Set one model ID parameter to download a specific display model: Rescoring (RescoreId), Punctuation (PunctId), resegmentation (ResegmentId), or wfstitn (WfstitnId). This is similar to how you would download a base model via the ModelId parameter. For example, to download a rescoring display model, you can use the following command with the RescoreId parameter:

docker run --rm -it \
mcr.microsoft.com/azure-cognitive-services/speechservices/custom-speech-to-text \
RescoreId={RESCORE_MODEL_ID} \         
Eula=accept \
Billing={ENDPOINT_URI} \
ApiKey={API_KEY}

Note

If you set more than one query or download parameter, the command will prioritize in this order: BaseModelLocale, model ID, and then DisplayLocale (only applicable for display models).
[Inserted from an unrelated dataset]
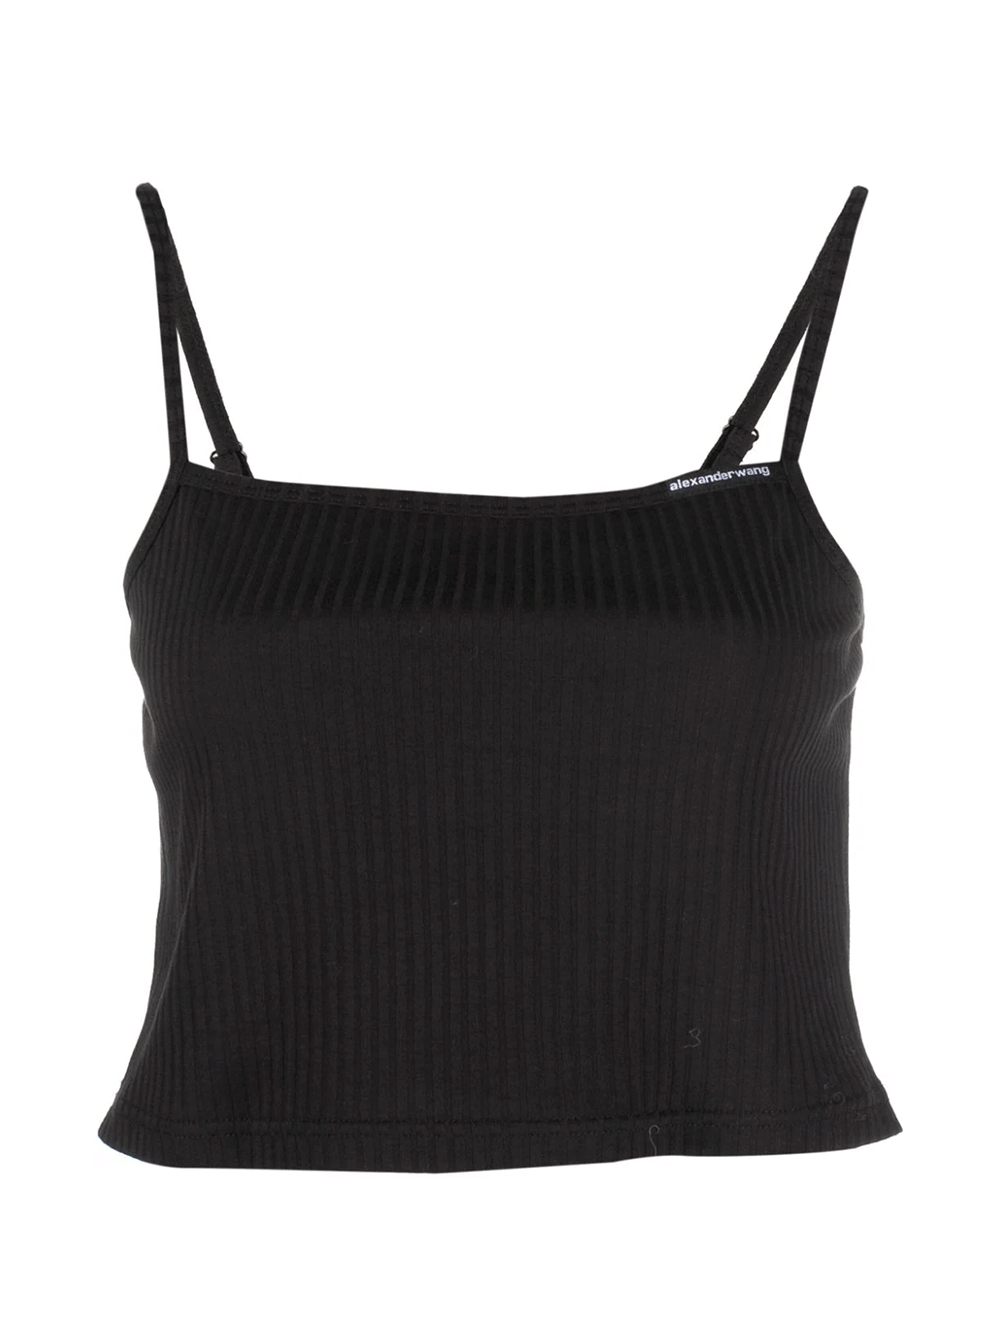 T-By-Alexander-Wang-Cami-Top-With-Skinny-Woven-Label-Black_1

Run the container with docker run

Use the docker run command to run the container for service.

Custom speech to text
Disconnected custom speech to text

The following table represents the various docker run parameters and their corresponding descriptions:

Parameter	Description
`{VOLUME_MOUNT}`	The host computer volume mount, which Docker uses to persist the custom model. An example is `c:\CustomSpeech` where the `c:\` drive is located on the host machine.
`{MODEL_ID}`	The custom speech or base model ID. For more information, see Get the model ID.
`{ENDPOINT_URI}`	The endpoint is required for metering and billing. For more information, see billing arguments.
`{API_KEY}`	The API key is required. For more information, see billing arguments.

When you run the custom speech to text container, configure the port, memory, and CPU according to the custom speech to text container requirements and recommendations.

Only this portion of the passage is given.